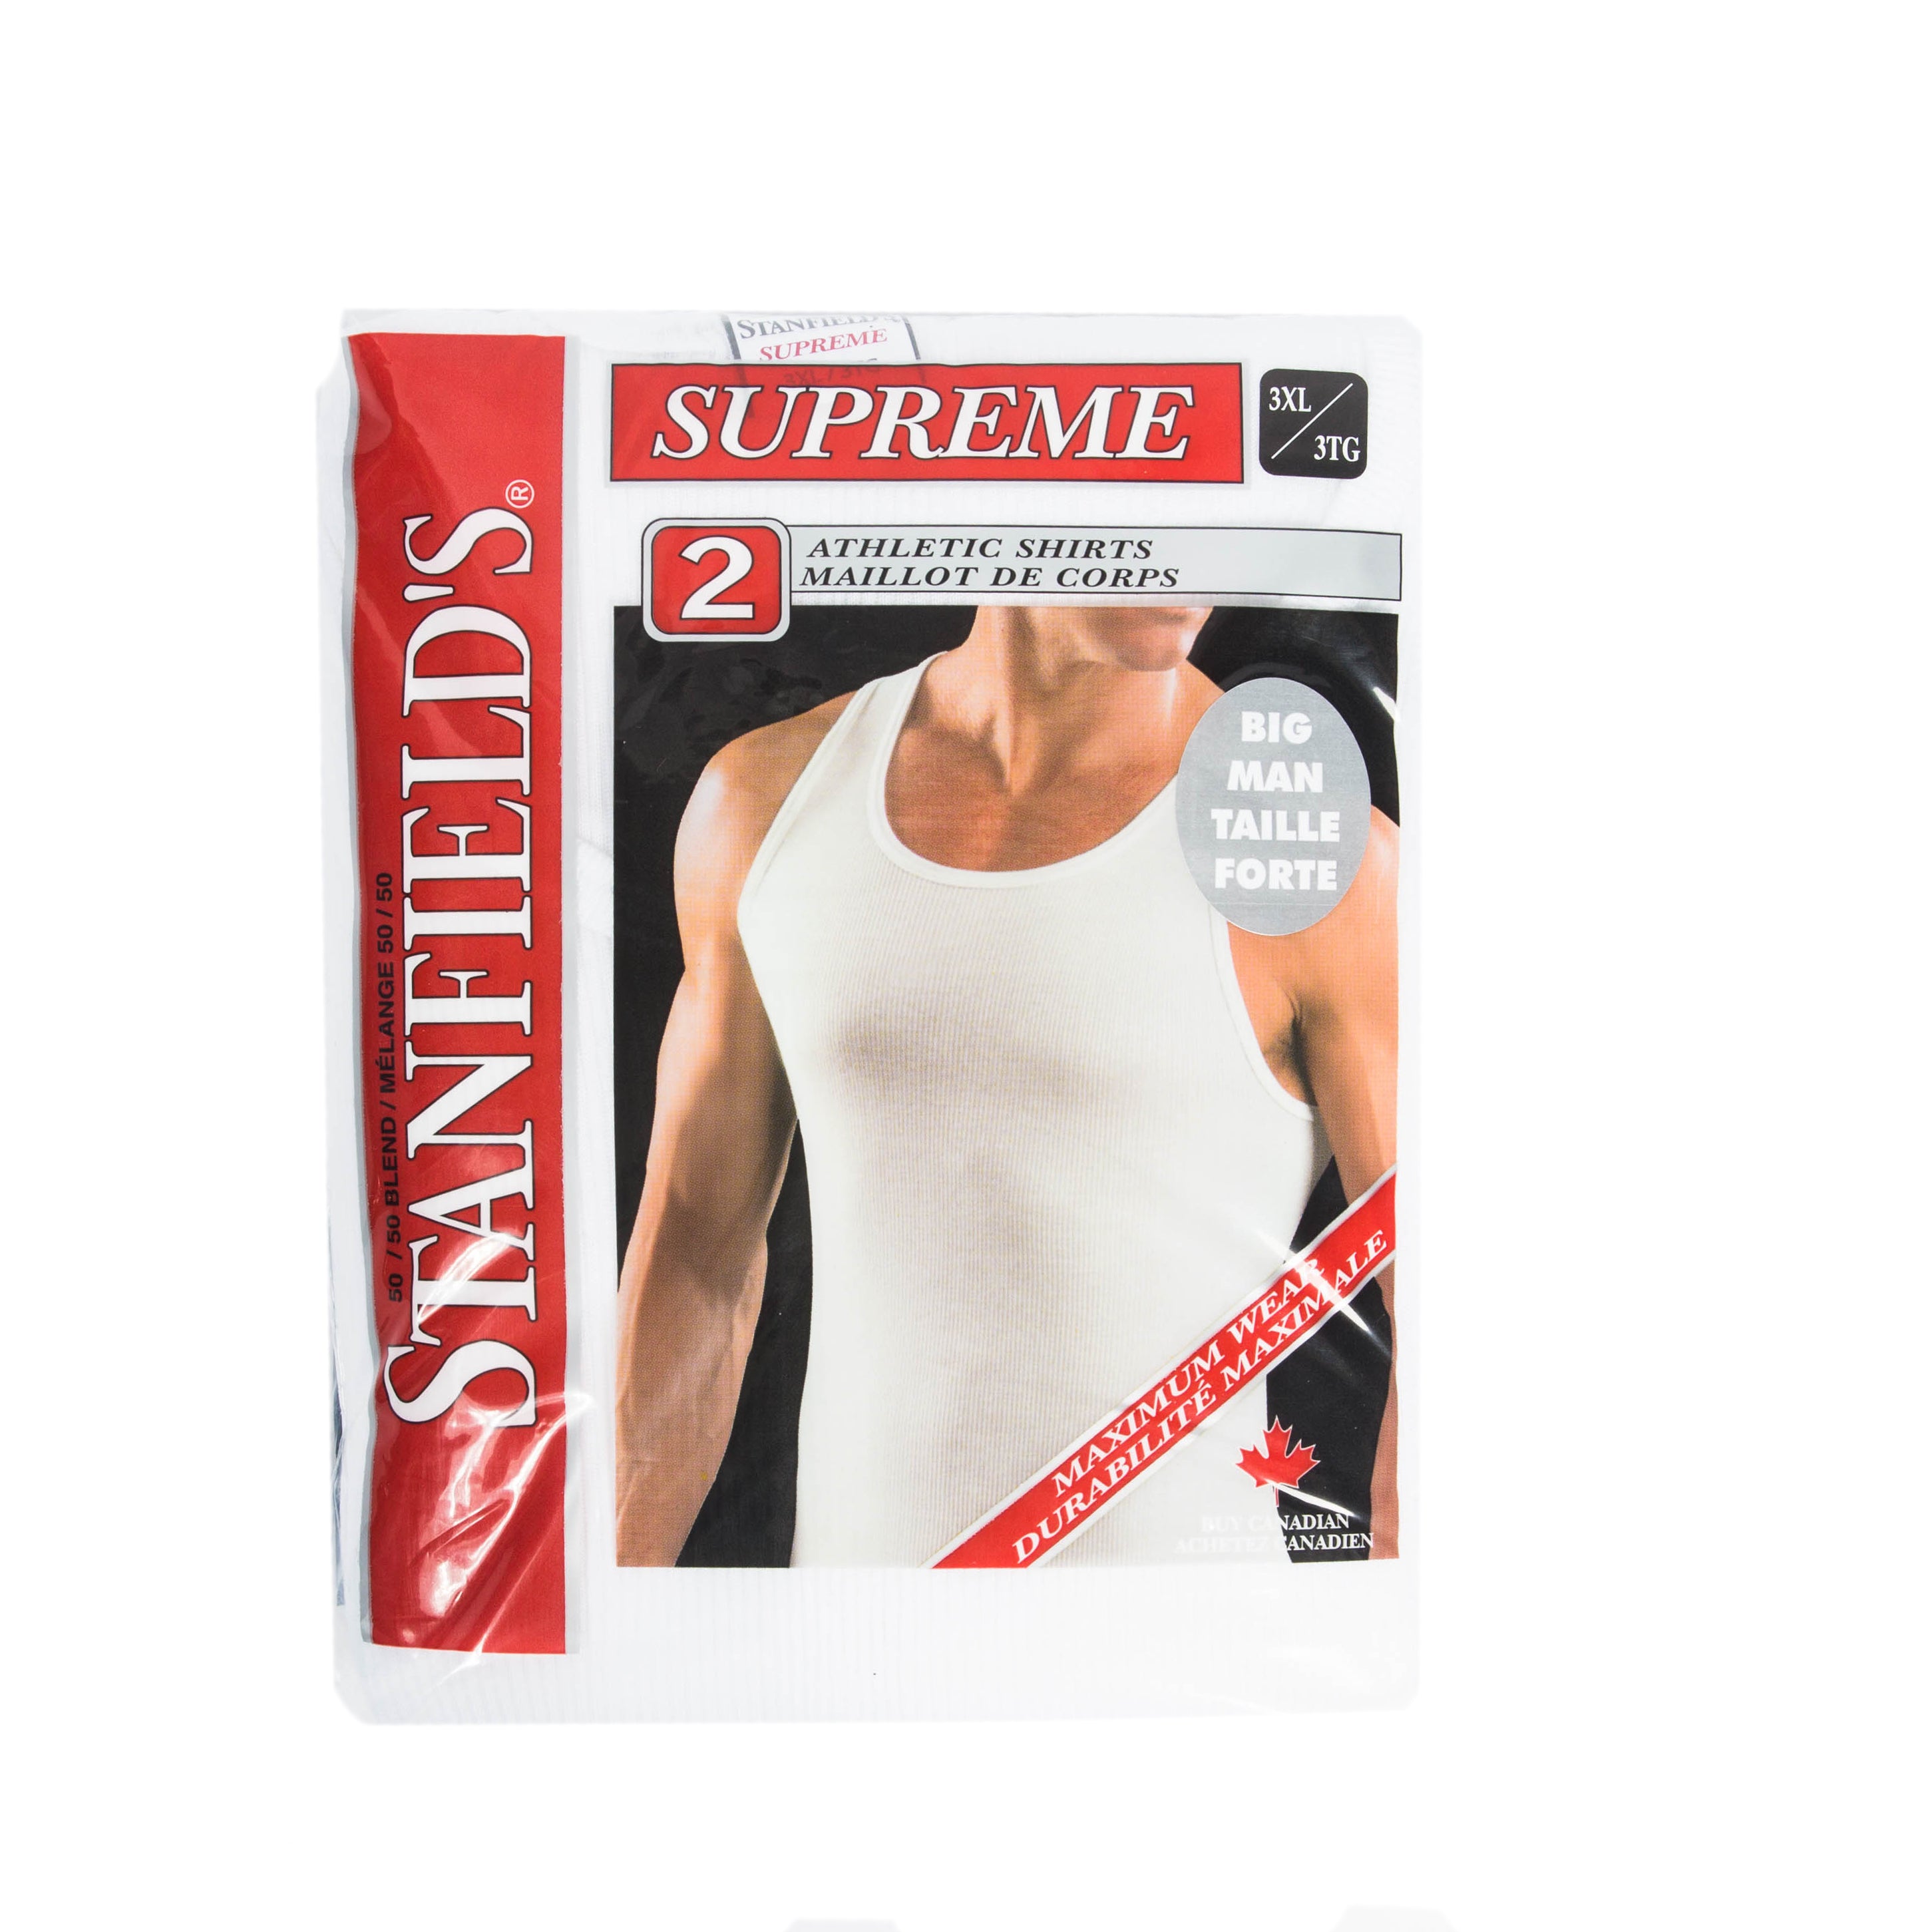 Stanfield's Men's Supreme Cotton Blend Crew Neck Undershirts, Pack of 2
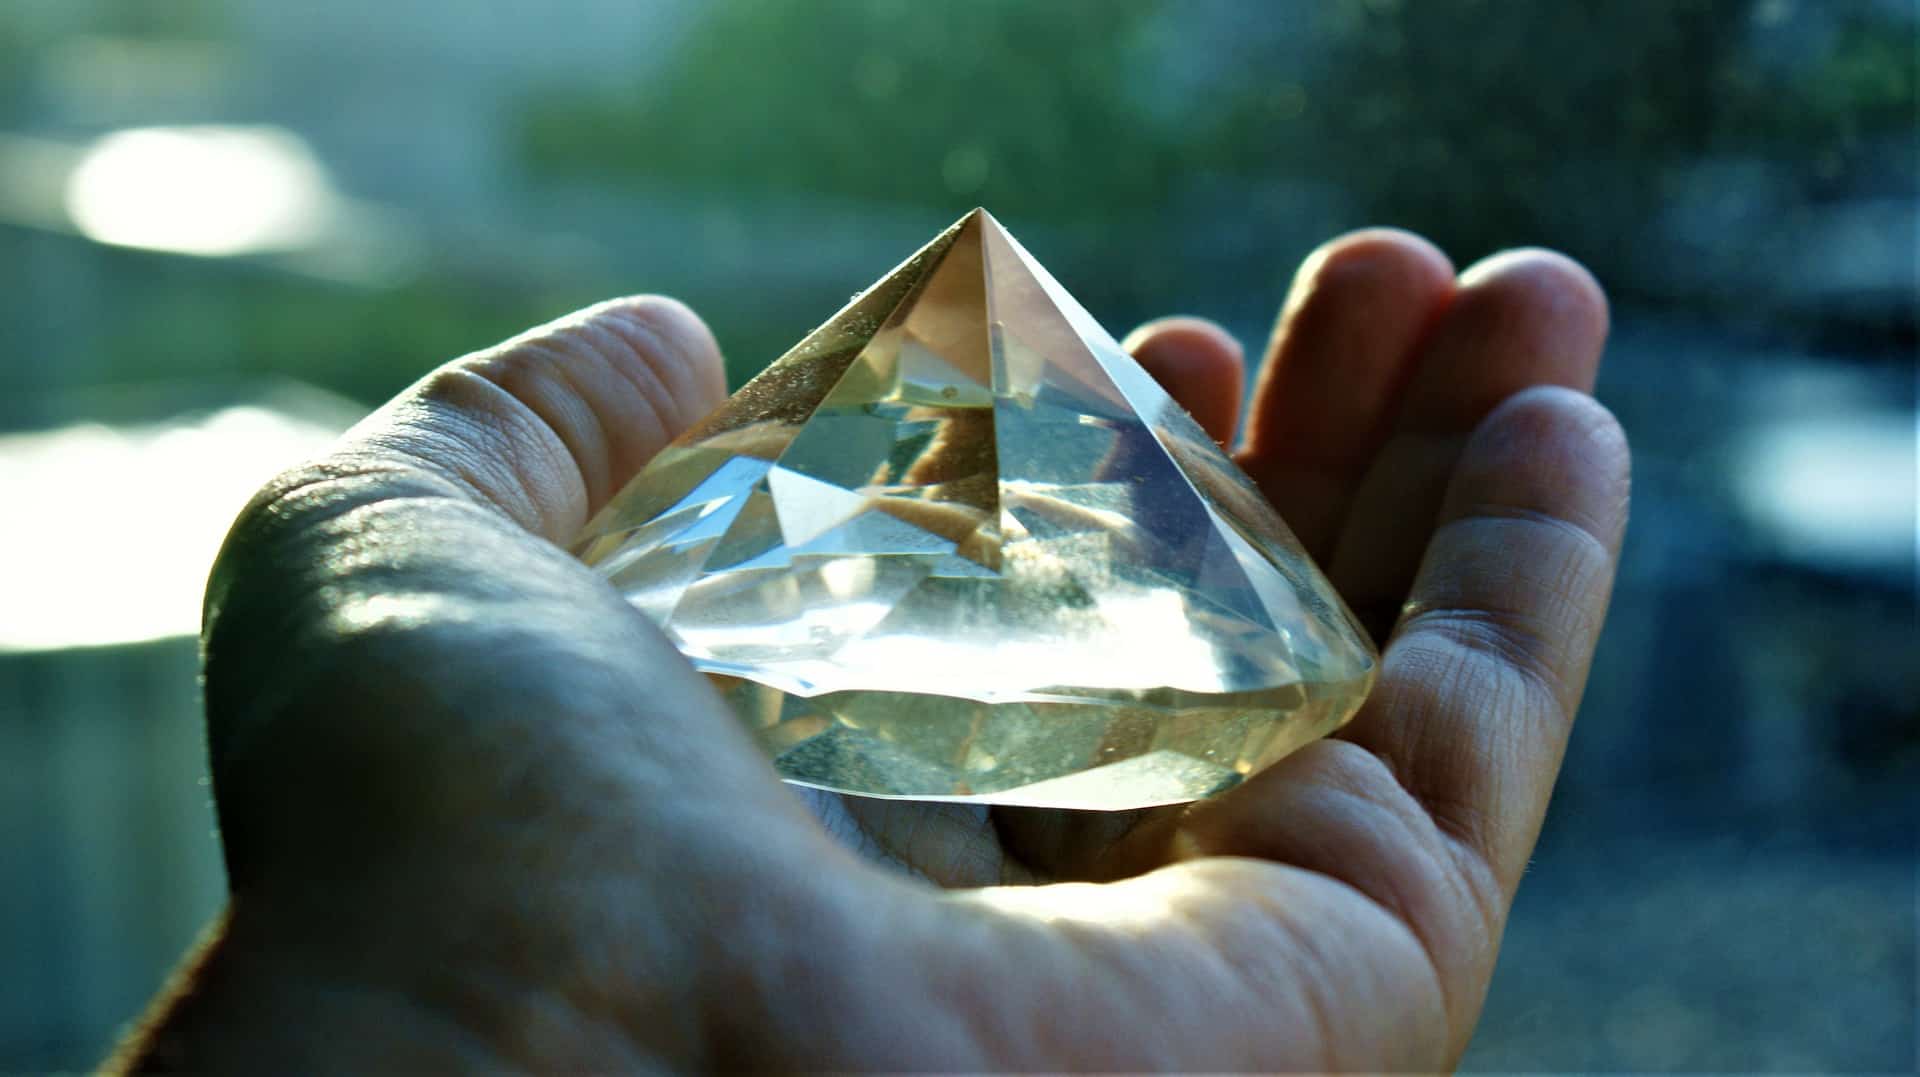 A hand that is holding a large diamond.
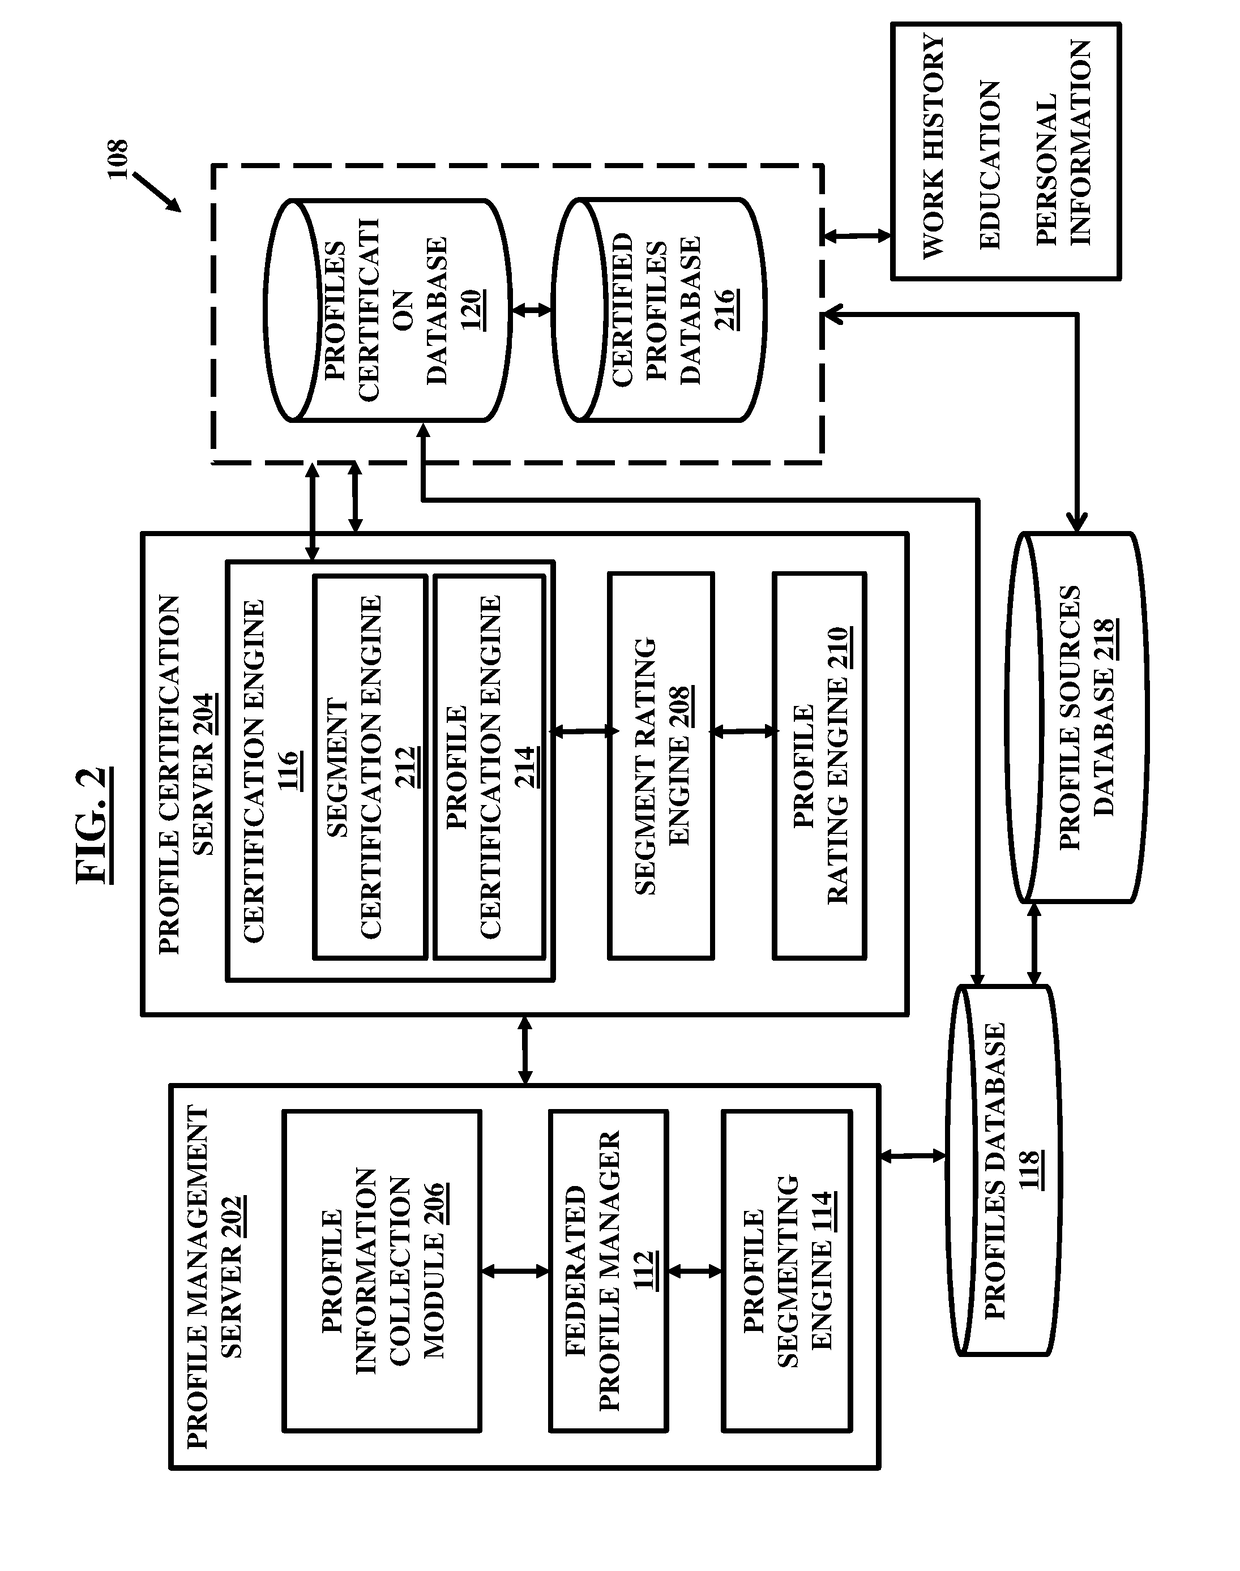 Graphical user interface and smart card reader for facilitating crowdsourced credentialing and accreditation

### WORK ITEM
Word for word, reproduce all the data, but not the pictures.

### OUTPUT OF THE EXERCISE
 Stanfield's Men's Supreme Cotton Blend Crew Neck Undershirts, Pack of 2
 A hand that is holding a large diamond.
 Graphical user interface and smart card reader for facilitating crowdsourced credentialing and accreditation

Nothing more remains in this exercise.